Women on medication for attention deficit hyperactivity disorder (ADHD) should not stop treatment without consulting a doctor, say the authors of a new study examining pregnancy outcomes among women treated with ADHD medications.
Published today in CNS Drugs the study of 5,056 Australian (NSW) women and their newborns is the largest of its kind to assess the impact of ADHD and commonly prescribed stimulant medications (dexamphetamine or methylphenidate) on mothers and their babies born between 1994 and 2012.
The study led by the University of Sydney, assessed the impacts of ADHD and its treatment on outcomes including: spontaneous labour (normal vaginal delivery without medical intervention), caesarean delivery, active neonatal resuscitation, premature birth (before 37 weeks), and a 1-minute Apgar score less than seven (7 to 10 is normal).
The researchers compared these outcomes in a control group, that is, the babies and pregnancy outcomes of women who did not have ADHD and who were not treated with medications for ADHD.
This meant the researchers could determine whether ADHD, its treatment with stimulant medication, or both might adversely affect pregnancy outcomes.
Women diagnosed with ADHD at any stage were 20 to 30 per cent more likely to have a caesarean delivery, and their babies had a similarly increased rate of needing support to start breathing or admission to a neonatal unit.
These increases even affected women (and their babies) who were not diagnosed or treated for ADHD until after giving birth, suggesting that ADHD itself is a significant predictor of adverse pregnancy and perinatal outcomes.
Women who were diagnosed with ADHD and treated with stimulant medications during childhood or pregnancy also had an elevated risk for pre-eclampsia (high blood pressure, protein in the urine and swelling), having a premature birth, or their baby having a lower than normal Apgar score (less than 7).
“These adverse outcomes were seen even in women not yet treated for ADHD and in women who stopped taking stimulant medication several years before becoming pregnant, suggesting that the increased risk isn’t caused by medication,” said the study’s lead author Alison Poulton, a paediatrician and senior lecturer at the University of Sydney.
“Based on the evidence of this study, the potential benefit of ceasing treatment for ADHD during pregnancy may be limited.”
ADHD is more prevalent in childhood but may persist into adult life or be first diagnosed in adults. It is estimated that ADHD affects 4.5 per cent of the adult population globally.
In New South Wales (NSW) adult ADHD became increasingly recognised and treated with stimulants during the last decade of the 20th century, with statewide prescription records showing a 27-fold increase from 1993 to 2003. The proportion of women among those treated with stimulants increased from 17 to 36 per cent over the same period. In NSW, Dexamphetamine was the prescribed drug in 60 per cent of cases.

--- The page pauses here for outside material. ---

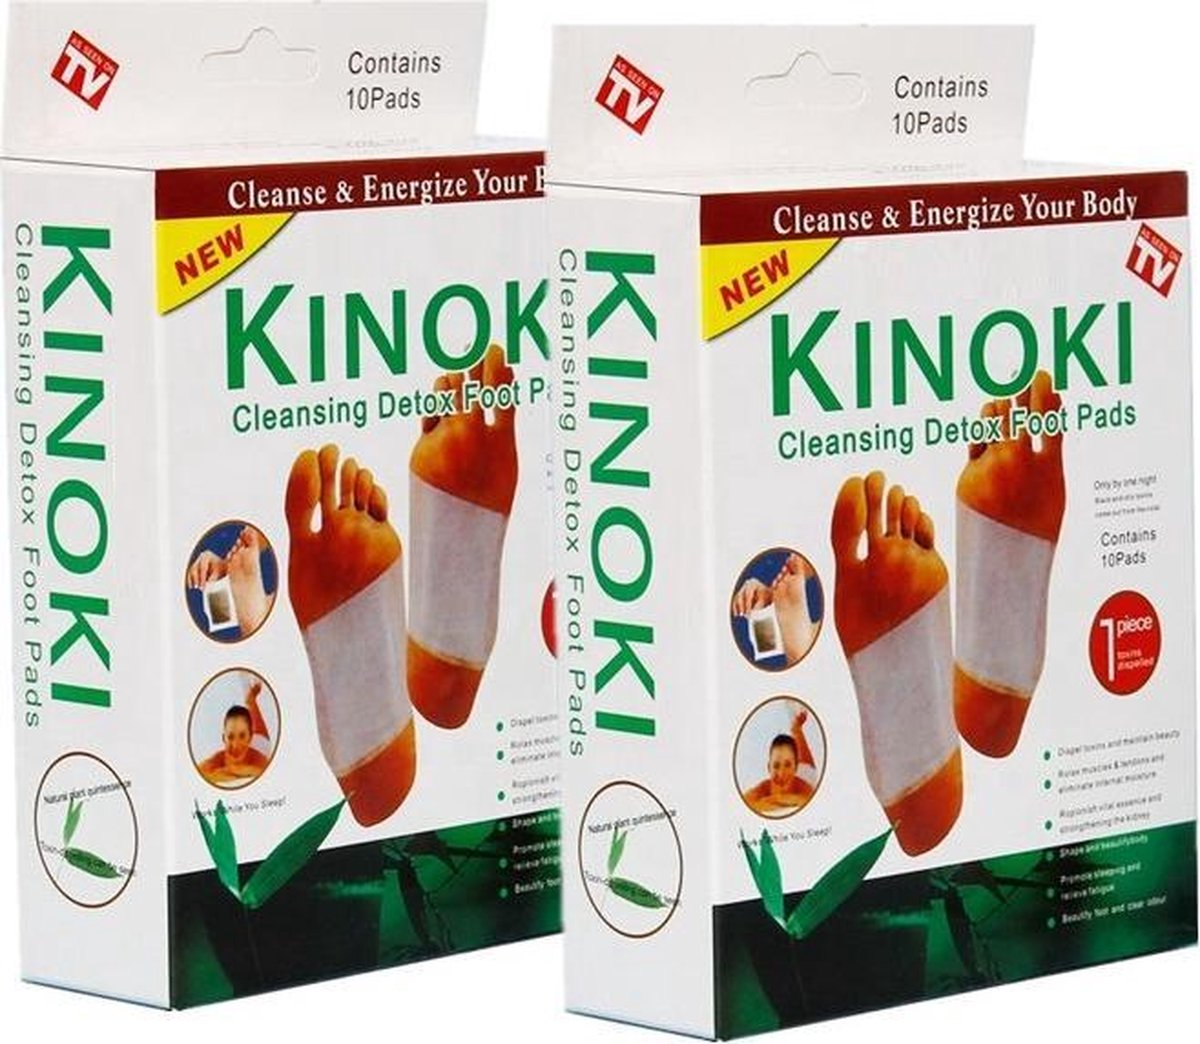 Kinoki detox voetpleisters - Detox pleisters - Ontgift het lichaam - 2x 10 stuks

The study linked and analysed data from two datasets: the NSW Pharmaceutical Drugs of Addiction System and the NSW Perinatal Data Collection (PDC). Linkage of these two datasets identified a cohort of 5,056 women treated with stimulants for ADHD from 1982-2012 who gave birth between 1994 and 2012. An untreated cohort of women who did not have NSW prescription records for stimulant medication were recruited by selecting at random from the PDC five women matching each treated woman by maternal age and infant year of birth.
Of 5056 women treated for ADHD with stimulant medication, 3351 (66.3 per cent) had stimulant treatment documented before the index pregnancy but not within 1 year before the expected date of delivery, 175 (3.5 per cent) had stimulant treatment before and possibly during pregnancy, and 1530 (30.2 per cent) had no stimulant treatment until after the index pregnancy.
Women in each treatment category were separately compared with all untreated women and odds ratios calculated for the perinatal outcomes using unconditional multiple logistic regression while adjusting for matching variables (baby’s year of birth and mother’s age) and the potential confounding effects of maternal age, parity, multiple pregnancy, cigarette smoking, pre-existing diabetes and hypertension.